Learning Humanoid End-Effector Control for Open-Vocabulary Visual Loco-Manipulation
Professional Abstract
"The paper introduces HERO, a novel paradigm for visual loco-manipulation of arbitrary objects using humanoid robots. This approach addresses the limitations of existing methods that rely heavily on real-world imitation learning, which often struggle with generalization due to the challenges of acquiring extensive training datasets. HERO integrates advanced techniques from both classical robotics and machine learning to enhance the control performance of humanoid robots in diverse environments. The core innovation lies in the development of a residual-aware end-effector (EE) tracking policy that significantly improves the accuracy of robotic movements. This policy employs a combination of inverse kinematics to transform residual end-effector targets into reference trajectories, a learned neural forward model to achieve precise forward kinematics, and mechanisms for goal adjustment and replanning.

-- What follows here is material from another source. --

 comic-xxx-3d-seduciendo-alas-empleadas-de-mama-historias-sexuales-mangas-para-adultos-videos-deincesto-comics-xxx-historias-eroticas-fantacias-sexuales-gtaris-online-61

These strategies collectively reduce the end-effector tracking error by a factor of 3.2, showcasing a substantial improvement in performance. The modular system designed for loco-manipulation leverages open-vocabulary large vision models, which contribute to robust visual generalization across various real-world settings, including offices and coffee shops. The robots demonstrate the ability to manipulate everyday objects, such as mugs, apples, and toys, on surfaces with varying heights from 43cm to 92cm. The authors conducted systematic modular and end-to-end tests both in simulation and real-world scenarios, validating the effectiveness of their proposed design. The advancements presented in this research hold significant potential for the future of humanoid robots, particularly in enhancing their interaction capabilities with everyday objects, thereby paving the way for more intuitive and versatile robotic systems."